The European Commission aims to make investments in strategic businesses and companies that have been wrecked by the novel coronavirus pandemic and the executive arm of the European Union has proposed to set aside a fund of 15-billion-euros for that purpose.
This proposal however now needs to be approved by EU governments and lawmakers. This move by the EU was announced after reports emerged of strategically companies becoming vulnerable to hostile takeovers because of falling share prices and with significantly reduced funding opportunities because of the coronavirus pandemic crisis.
EU industry commissioner Thierry Breton told a news conference on Friday, that under the new proposal, the EU plans to purchase stakes in, or offer loans to, strategic companies in sectors such as healthcare, space, defence, digital and green technologies.
Following reports that the United States administration was reportedly trying to gain access to Germany-based CureVac, which is a biotech firm working on a new technology that could slash costs for vaccines, there was were multiple reports of concerns over the vulnerability of some European companies in March.
80 million euros to CureVac was promised by the EU Commission.
Breton said that the EU financial support would go to companies “that need more capital to continue their expansion”. He added that it would also allow firms to shun help from unwanted partners.
However compared to the hundreds of billions of dollars that the large sovereign wealth funds have to invest in strategic firms, this new fund from the EU is tiny.
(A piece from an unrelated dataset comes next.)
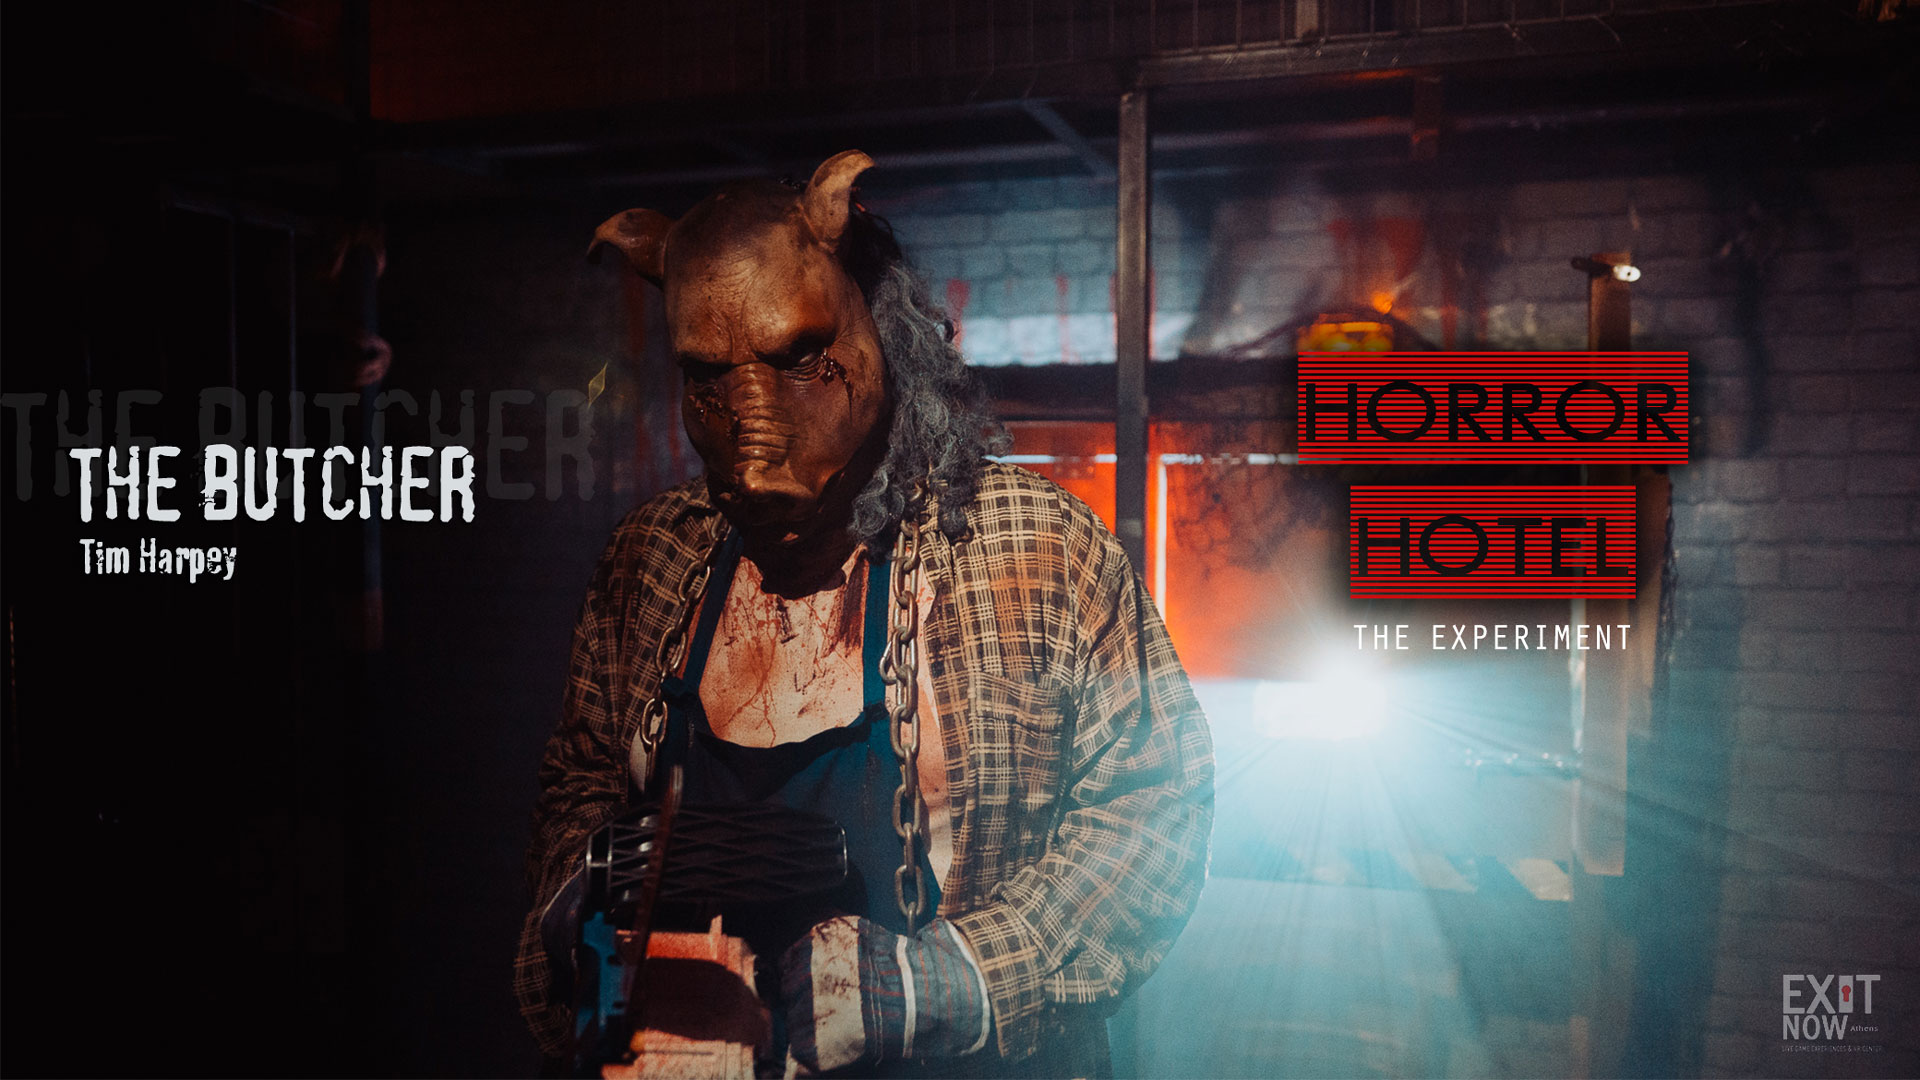 The Butcher | HORROR HOTEL

However, its financial firepower is expected to be boosted by attracting private investors with guarantees.
An EU document said that the Commission estimates that in the 2021-2027 period the 15 billion euros, which will be borrowed on financial markets, “could generate investments of up to 150 billion euros”.
The proposed fund is a part of the wider EU plan to lend support companies that are in dire need of financial capital support.
There are some other proposals that have been proposed by the EU which include a 26-billion-euro “solvency instrument” that would led temporary support to healthy companies that have been hit by the novel coronavirus pandemic. Another fund worth 15.3-billion-euro has also been proposed that is aimed at making investments in invest in smaller firms and companies active in infrastructure, research and social issues.